Czołem! Sporo kwestii do poruszenia, ciężko będzie zawrzeć wszystko w jednym poście
Jeśli chodzi o "stare" Maracaibo, to do momentu sprawdzenia tytułu na BGA czy na aplikacji, gra była u mnie wysoko. Ale grając w stałym składzie, rzeczywiście, gry były podobne, bez rushowania, więc i karty wchodziły fajnie i tworzyły się kombinacje. Grając online, większość moich partii to było już gonienie, więc karty przestały dawać takiego boosta. Przez co, trzeba było skupiać się na walce i trzech torach frakcji. Przestało mi się to podobać, dlatego w naszym podsumowaniu wspomniałem, że rewizja tego tytułu u mnie miała by chłodniejsze wnioski.
Co do piratów, ta gra jest szybsza w moim odczuciu i jeszcze bardziej można ją "zrushować". Przez co karty wydają mi się jeszcze słabsze. Graliśmy w różnych składach, ostatnio z dodatkiem i u nas akurat, strategia na "skarby" zawsze przeważała.
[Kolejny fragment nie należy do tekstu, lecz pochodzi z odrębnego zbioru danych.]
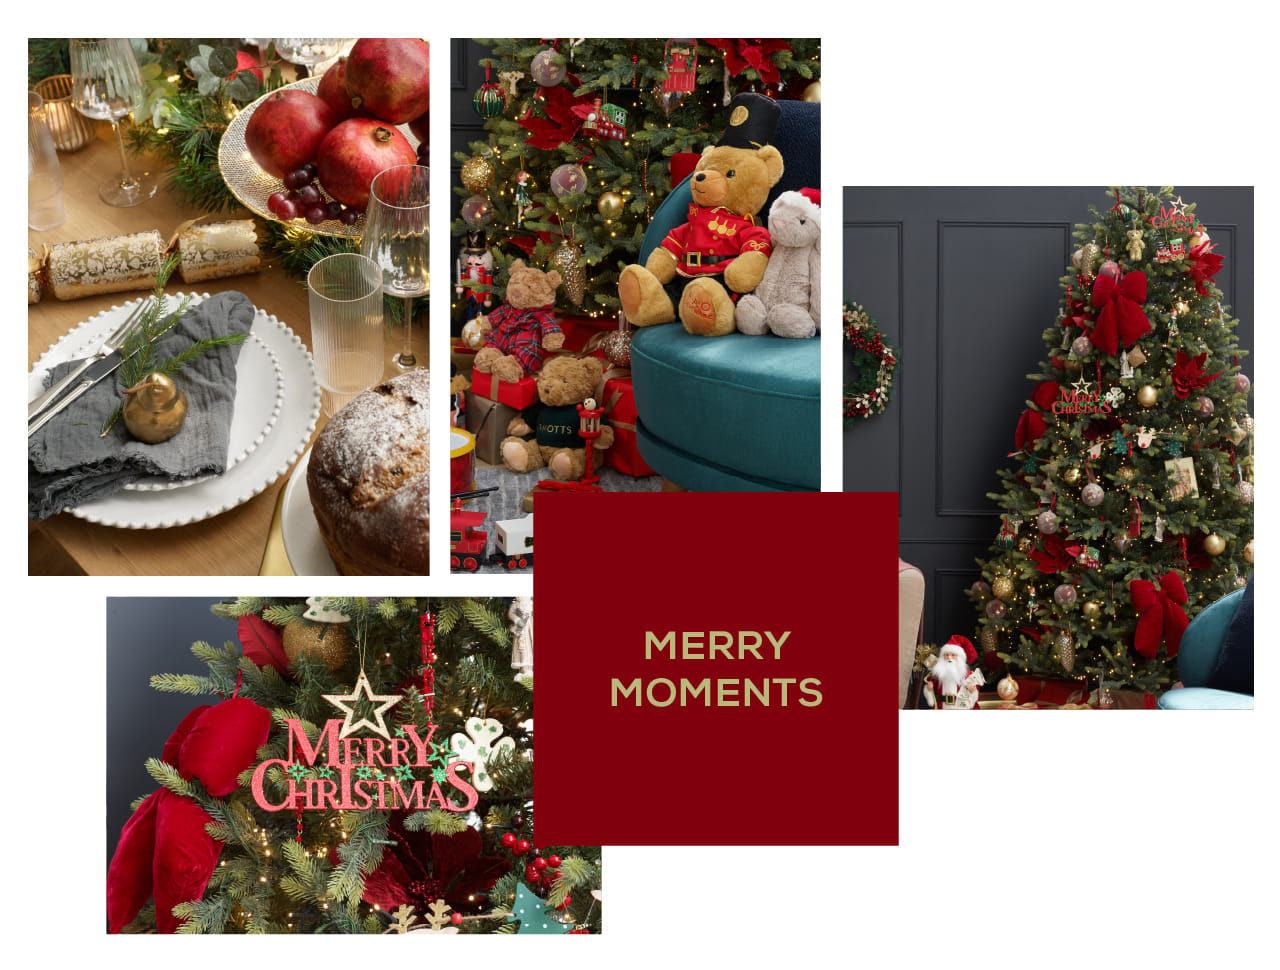 Collage of Christmas trees, decorations, tableware all in a red & green colour scheme

Szybko streszczając ostatnią partię przed nagraniem:
Dostałem postać, która może wydawać beczki rumu aby mieć zniżki na karty więc w to poszedłem, w okolicach drugiej rundy, nazbierałem sporo kart ze zniżkami (miałem w sumie jakoś 13 monet zniżki) więc resztę gry przeznaczyłem praktycznie na zbieranie kart za darmo i robienie rezydencji. Finalnie punktów miałem sporo (na 4 osoby byłem drugi) ale grę wygrał gracz, który cisnął skarby.
Na pewno w tym co piszą przedmówcy jest sporo prawdy. Ta gra jest bardzo zależna od indywidualnych graczy i ich preferencji, niektórzy będą pędzić, inni "dzióbać" po jednej karcie na przód. Z moich doświadczeń jednak, wynika to o czym mówiłem, przez co miałem takie odczucia. Na szczęście, naszym głównym celem na kanale jest pokazywanie pełnych rozgrywek, oraz tłumaczenie zasad w trakcie. Dzięki temu, widzowie sami widzą, czy gra im siądzie czy też nie. Recenzja jest drugorzędna. Z resztą widać to po komentarzach pod filmami, jak i tutaj.